=== REQUIREMENT ===
Omit all pictures. Quote the lines from the one with "吉他 乐器 模型 guitar 文化用品 吉他乐器模型 乐器模型 3d模型素材 电器模型" through the end of the listing below, exactly as they appear.

=== INPUT DATA ===
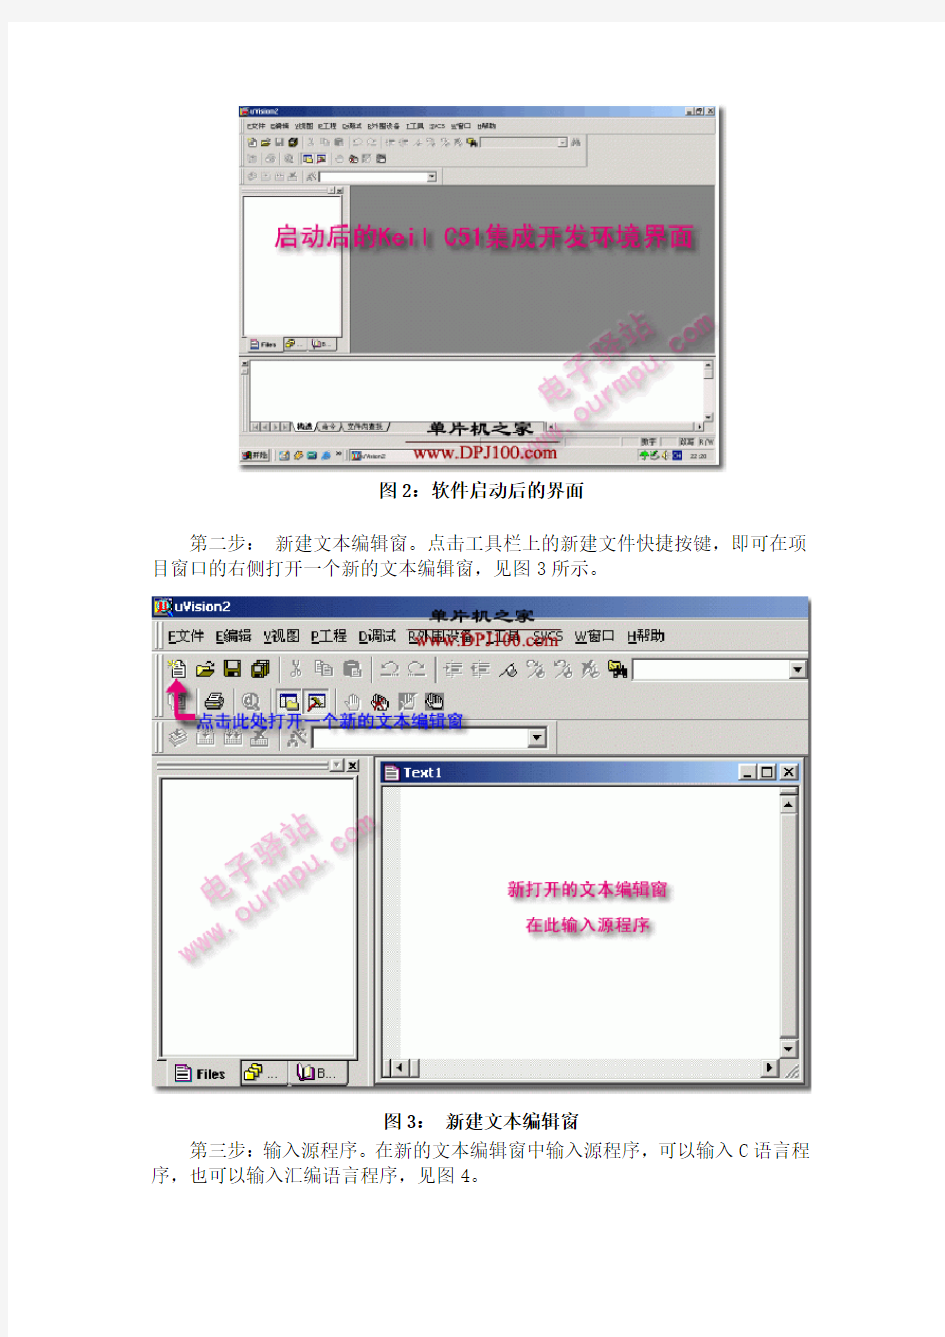 单片机仿真软件Keil C51软件的使用教程(中文版)
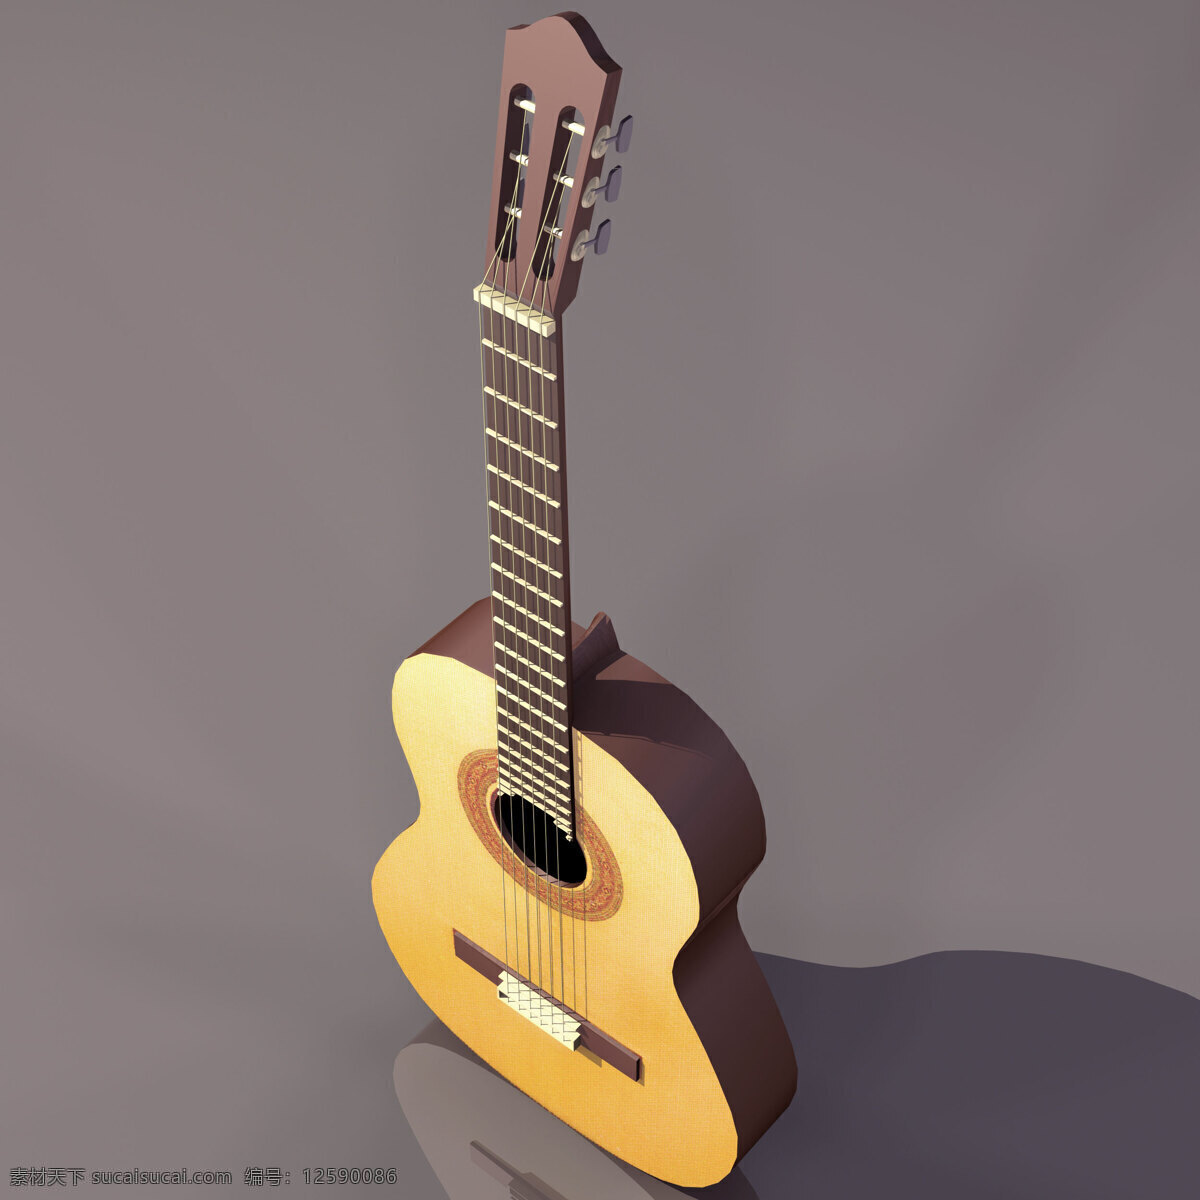 吉他 乐器 模型 guitar 文化用品 吉他乐器模型 乐器模型 3d模型素材 电器模型
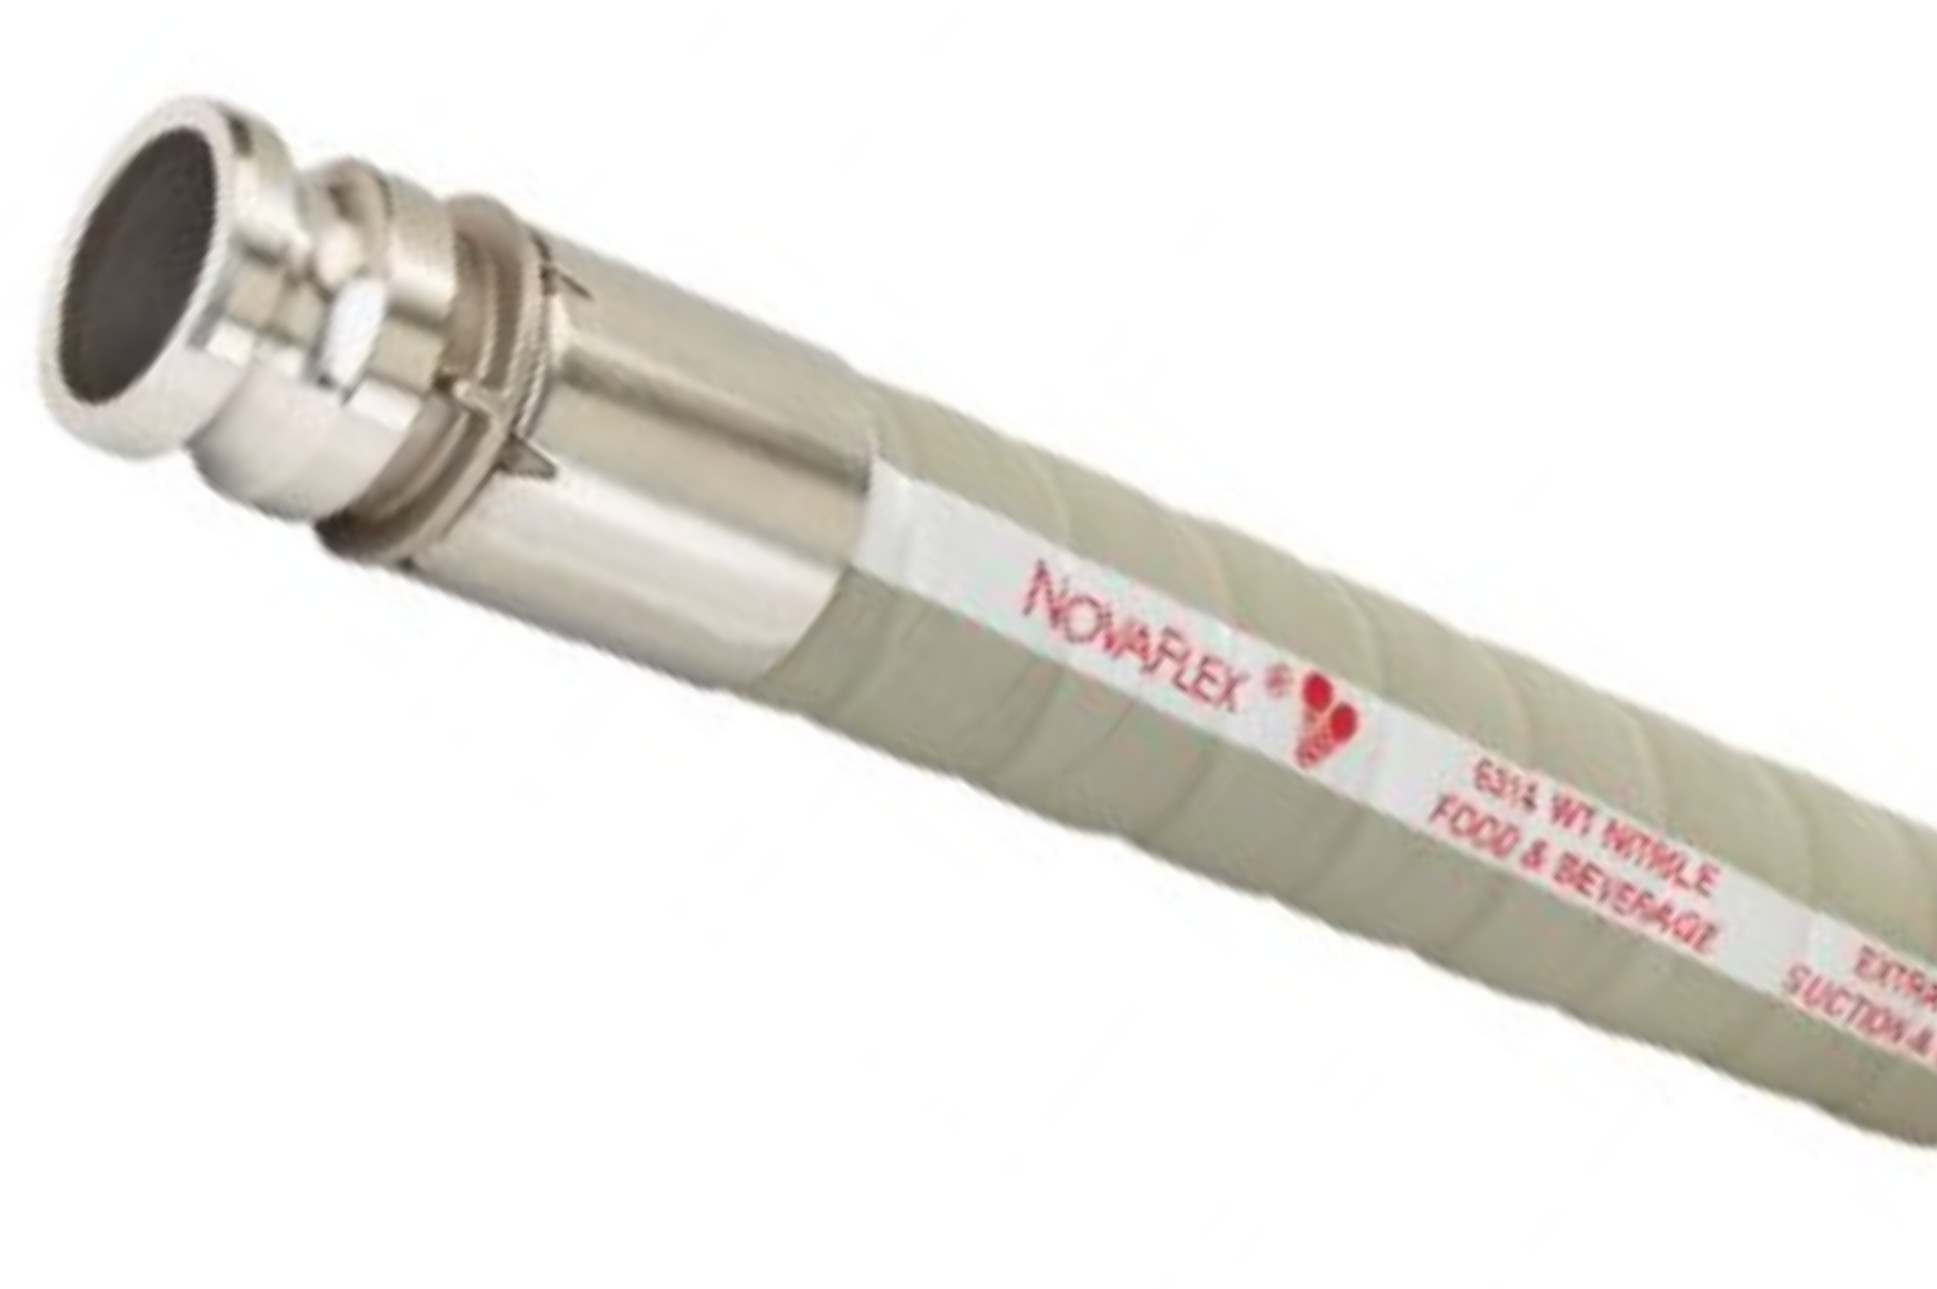 Hossi's Wholesale - Tuyau d'aspirateur flexible, anti-torsion et

=== RESPONSE AREA ===
 吉他 乐器 模型 guitar 文化用品 吉他乐器模型 乐器模型 3d模型素材 电器模型
 Hossi's Wholesale - Tuyau d'aspirateur flexible, anti-torsion et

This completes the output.